Смоленский несколько раз открывал рот, как бы пытаясь ответить, но продолжал молчать. Наконец он тихо произнёс:
 
— Я эту историю никому не рассказывал, — в его глазах блеснула какая-то волчья тоска, — стар я сказки рассказывать, да и кто такому поверит? Но тебе расскажу, хороший ты парень, смеяться над стариком не будешь.
 
***
Так вот, было мне в тот год под сорок. Я только что съехал от своей благоверной, оставив ей квартиру. Влюбилась она в кого-то, но я знать ничего не хотел, а хотел пожить один.
 
Работал я тогда на заводе. Да ты мою биографию читал, поди. Короче, помыкался и нашёл однокомнатную на сдачу. Хозяйка просила много, но торговаться не стал. Заплачу, говорю, если подойдёт. Она сказала, что квартиру занимал какой-то литератор, но вот запил сильно и съезжает.
 
И вот приводит она меня смотреть хоромы эти.
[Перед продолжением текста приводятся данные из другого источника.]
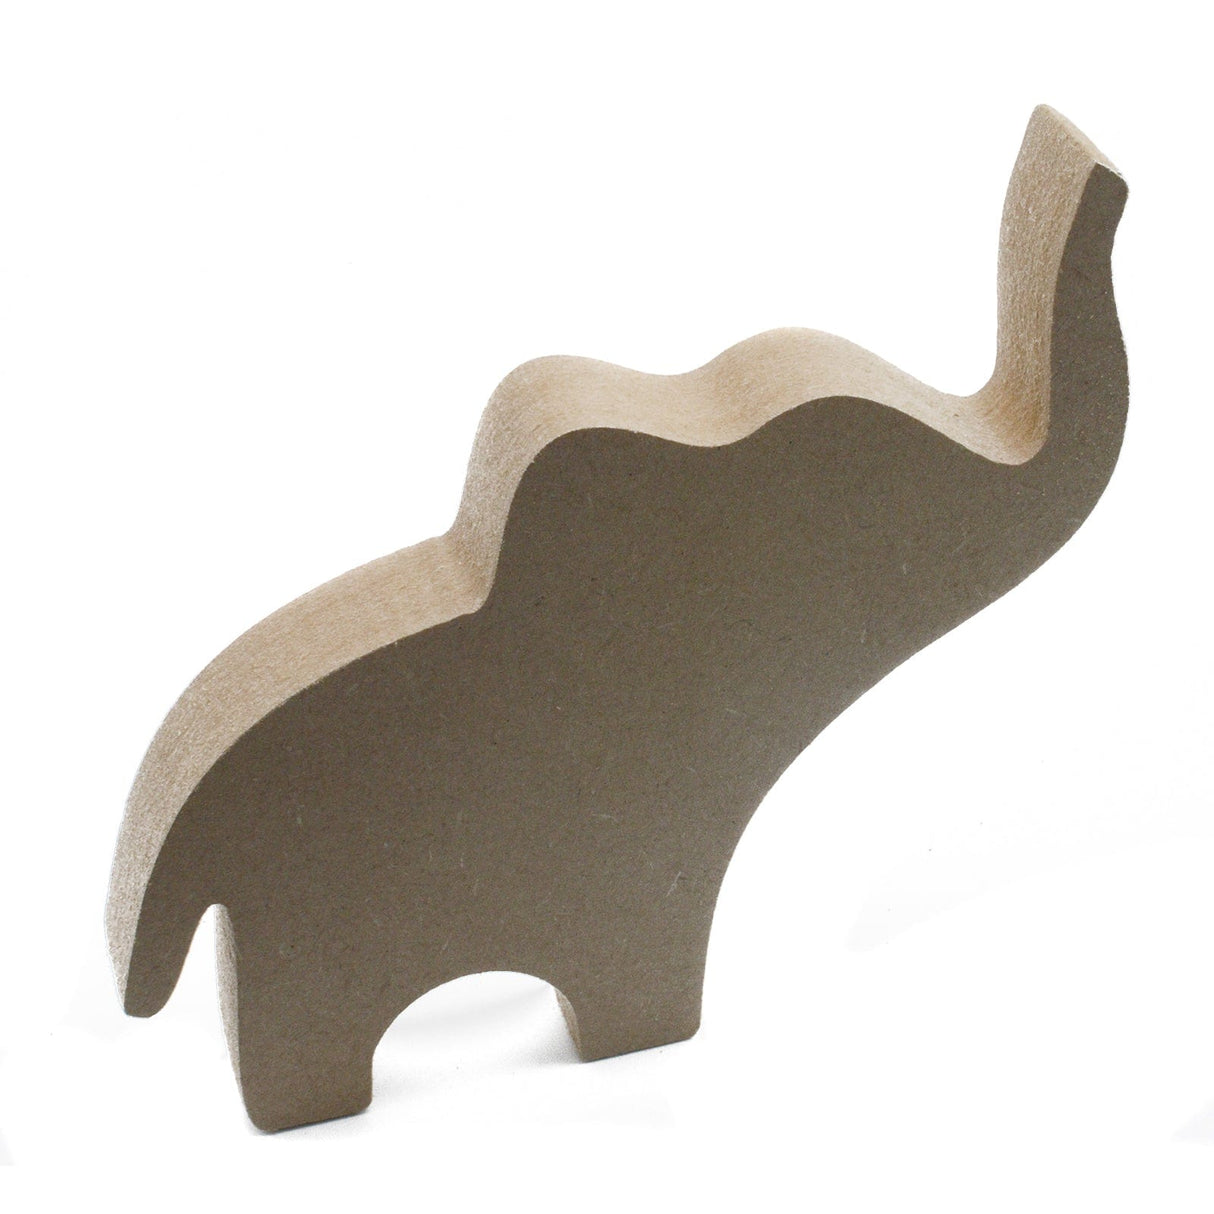 Freestanding Elephant 18mm MDF Wooden Craft Shape - Laserworksuk

Нас встречает совсем обрюзгший человек, несёт от него винищем за пять метров. Хозяйка увидела его, скривилась и за дверь выскочила, мол, у подъезда подождёт. А сам человек нетвёрдой походкой семенит и всё время бормочет что-то. Я прислушался, а он твердит то ли мне, то ли сквозь меня: "Он на меня обиделся. За шум. Не даёт мне писать. А я его уж так умолял, так просил. Берегите его. Мёд с молоком ему давайте. Виноват, громок бываю, когда выпью. Болен я. Он обиделся..."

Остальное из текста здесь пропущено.